While your child may naturally excel at structured activities, parents need to remove the pressure around achieving a certain level of success in their activities.

“There’s a difference between giving kids a lot of exposure to things so they figure out what they gravitate toward and what they’re good at,” Fener Stikoff said. “It’s another thing to have them do a lot of things and be the best at all of those things,” adding that this pressure can take the joy out of activities for some kids.

It is also important to check with your child how they feel about the structured activities they are already involved in. One way to do this is to observe more changes in their attitude to their activities.

“What I recommend to parents is if your child doesn’t ask for it or remember that today is the day for such and such activity, then don’t take your child to it,” Gray said. “If your child wants to, then that’s fine. There’s no value in putting your child into an activity they don’t want.”

Fener Sitkoff agreed that it’s important to write down the child’s interest in activities but recommended that you check with them directly.

“Keep checking in with your child to say: Do you still like it? What do you like about it? Is there anything you don’t like about it?” Fener Sitkoff said.

Downtime is key to a child’s overall well-being

Break time and school activities are not mutually exclusive. It is imperative that a child who participates in any activity, even one they love, still finds time to prioritize downtime for the whole. health and development.

Fener Sitkoff told Business Insider that downtime encourages creative thinking, solving problemsreflection and independence.
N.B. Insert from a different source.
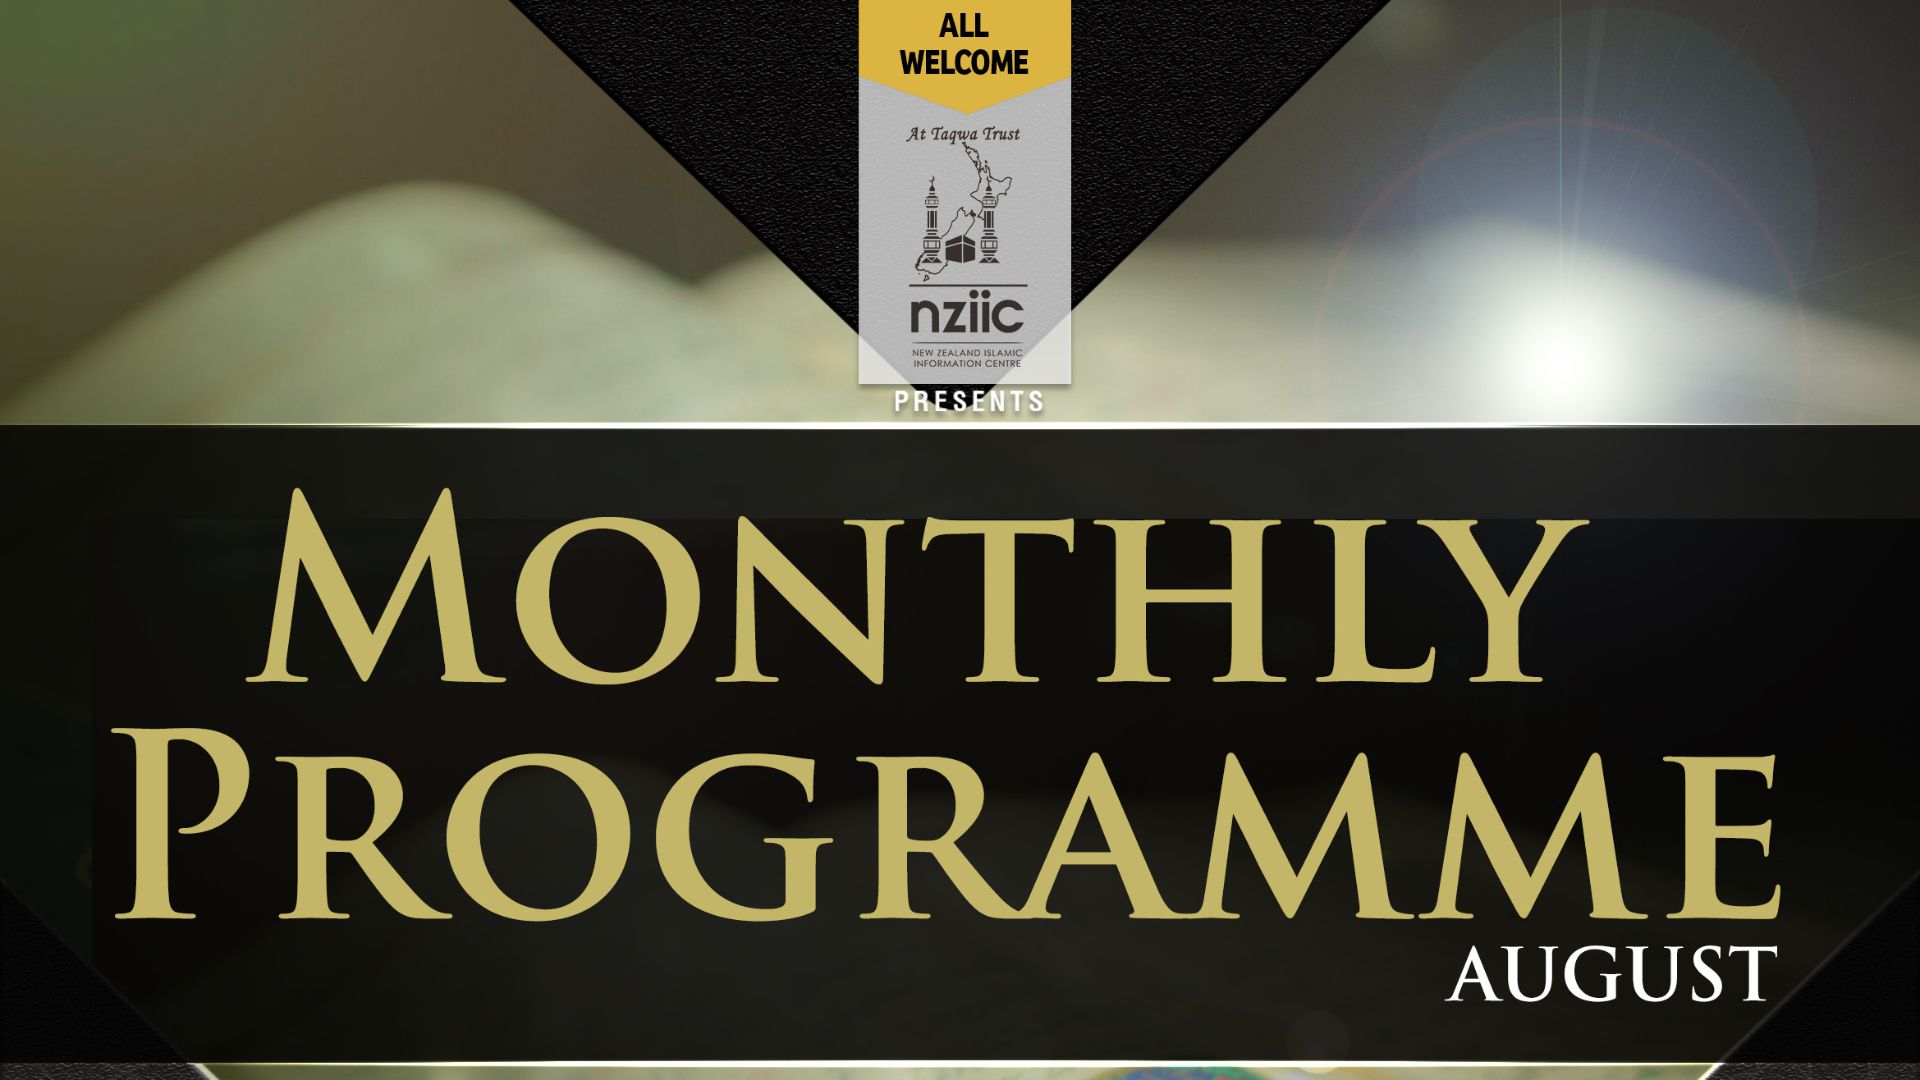 Monthly Programme Featured image

“If you think about when children are alone, to create their own experiences, they learn confidence” said Fener Sitkoff. “It’s like they’re driving themselves. They learn independence and decision making. Then when they’re with peers, having unstructured downtime, they’re working on their social skills about how to work collaboratively with others.”

Although we can think of downtime as something we should fit in a the child’s program amidst their other activities, it plays a key role that should be recognized as more than an afterthought.

“It’s funny that we even call it downtime,” Gray told Business Insider. “Children are designed to do children’s things play, exploreand pursue their interests. They are not designed to participate in all these adult-directed activities. It’s true that we now call it downtime as if they’re giving up everything else they’re doing, but it should be because that’s childish. It should be what they do in the first place.”

Let your child set the tone for what their downtime looks like

We all have different ideas of what downtime looks like in practice. For some children, recess time can mean catching up with a book single; for others, it may mean playing a new video game they’ve been dying to try.

Fener Sitkoff recommended the center to parents the idea of ​​balance when their involvement in their children’s free time is taken into account.

“When parents schedule and dictate downtime, don’t create that feeling of agency and autonomy to a young man. On the other hand, if you don’t give any structure, then you’re letting a young man who hasn’t had all the life experiences you’ve had to guide himself,” said Fener Sitkoff.

For example, if your child wants to spend his free time using technologyyou can allow them to do that, but help them create guidelines for how long they will use the Stikoff recommended. This might seem like allowing your child to spend 30 minutes playing a digital game rather than more than four hours.

Even if you provide guidelines for how much time your child will spend engaging in certain forms of free time, Gray recommends that parents allow their children to have free time alone or with other children, but not always in the presence of adults.

“Children must run away from adults. It’s not even playing if there’s an adult telling you what to do,” Gray said.

Structured after-school activities can certainly benefit children’s lives, but prioritizing their ability to have uninterrupted time, however your child chooses, is a key aspect of their development.